### Dataset content

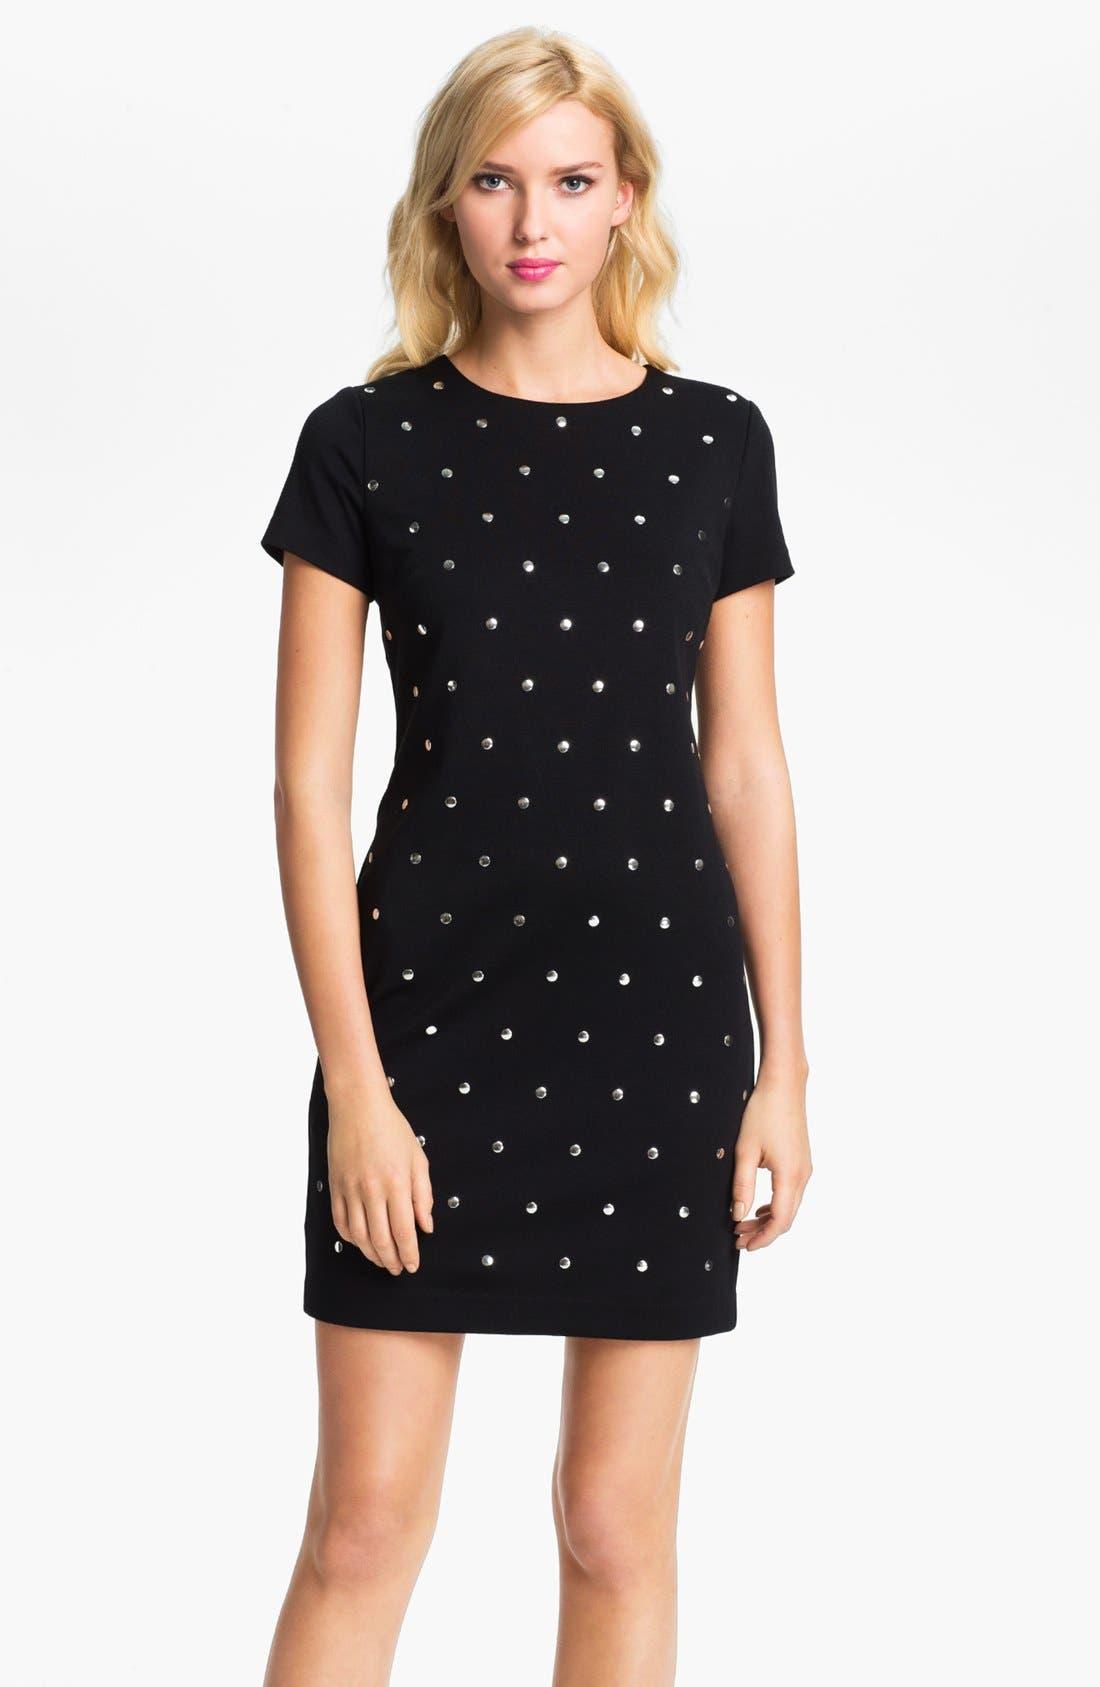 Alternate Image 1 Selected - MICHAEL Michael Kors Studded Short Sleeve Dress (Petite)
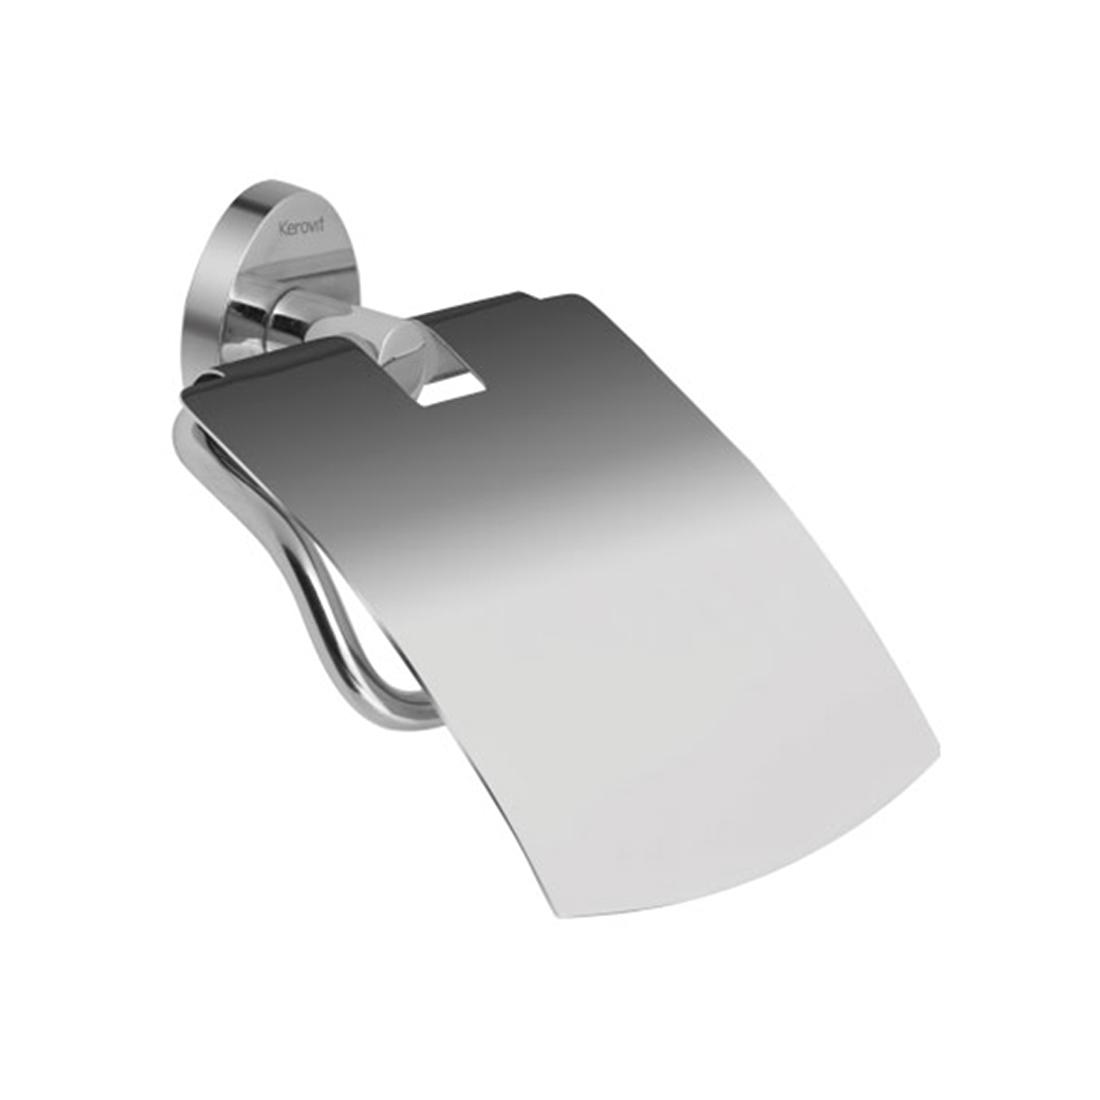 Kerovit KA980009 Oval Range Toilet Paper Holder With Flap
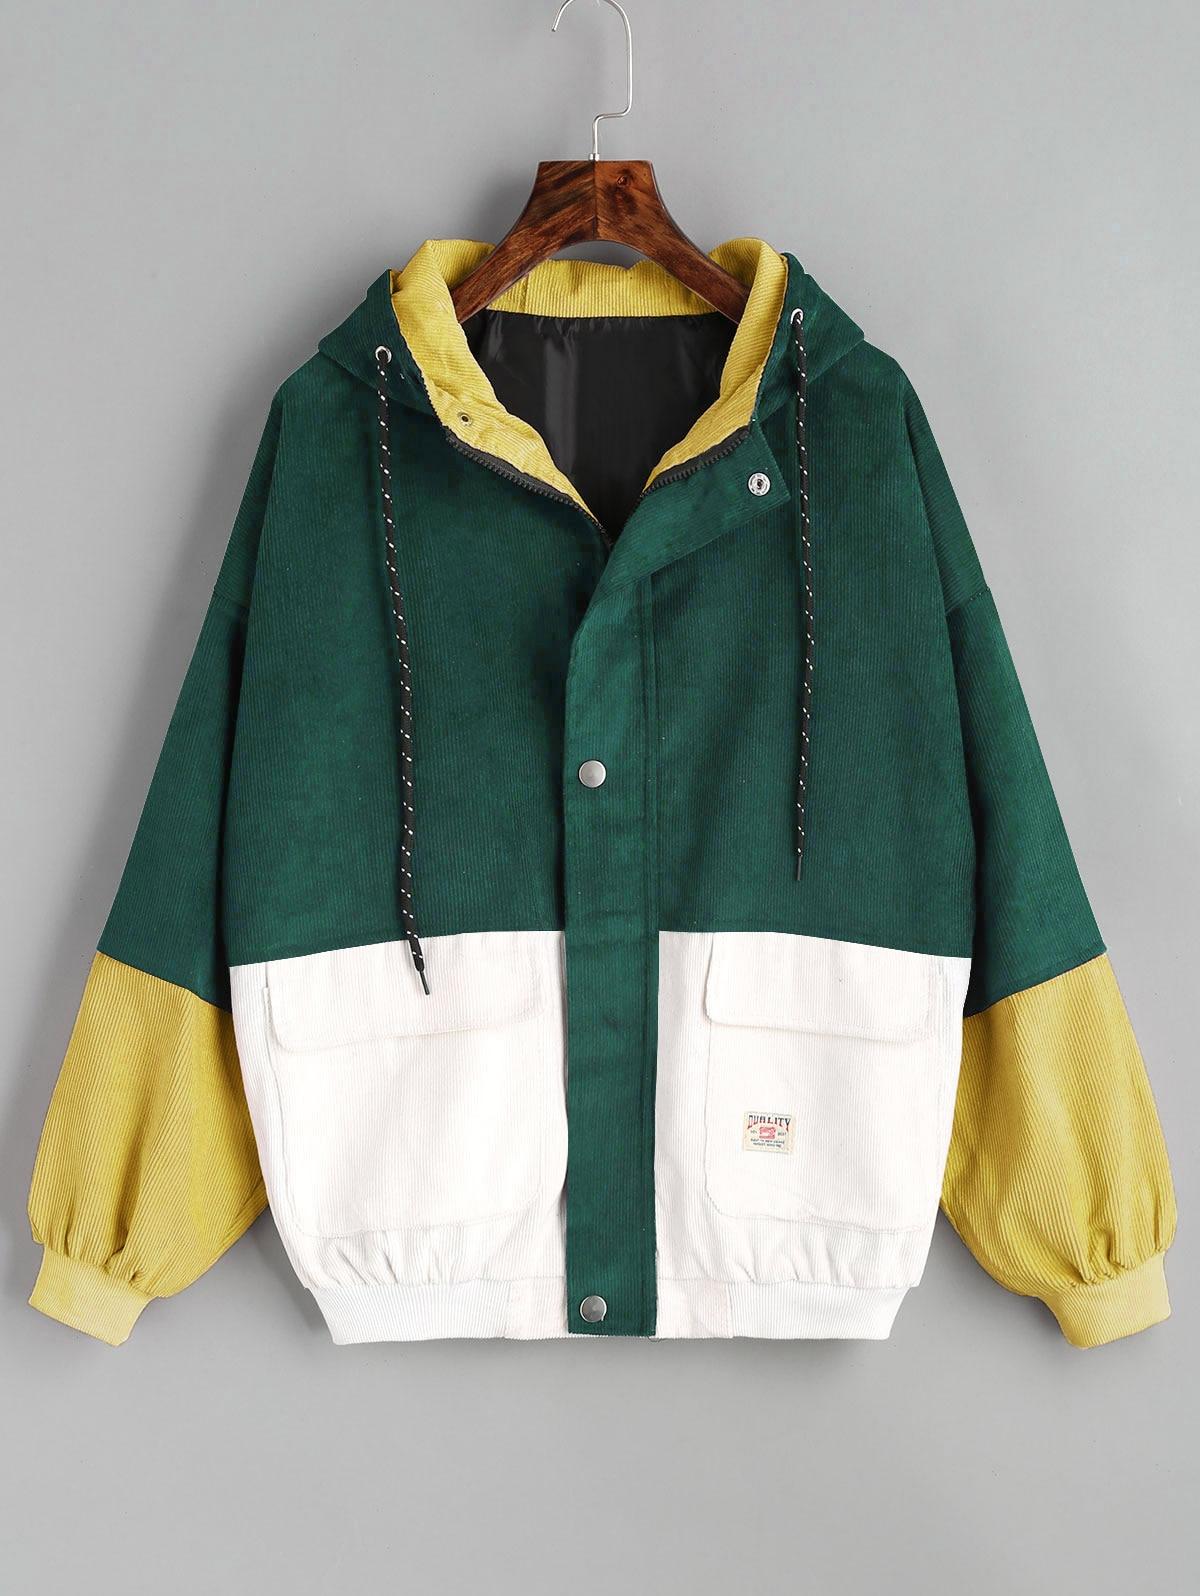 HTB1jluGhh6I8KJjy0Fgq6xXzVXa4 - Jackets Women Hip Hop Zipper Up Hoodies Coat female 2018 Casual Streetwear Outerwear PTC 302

######

Return the data above in its exact wording, with none of the pictures.

 Alternate Image 1 Selected - MICHAEL Michael Kors Studded Short Sleeve Dress (Petite)
 Kerovit KA980009 Oval Range Toilet Paper Holder With Flap
 HTB1jluGhh6I8KJjy0Fgq6xXzVXa4 - Jackets Women Hip Hop Zipper Up Hoodies Coat female 2018 Casual Streetwear Outerwear PTC 302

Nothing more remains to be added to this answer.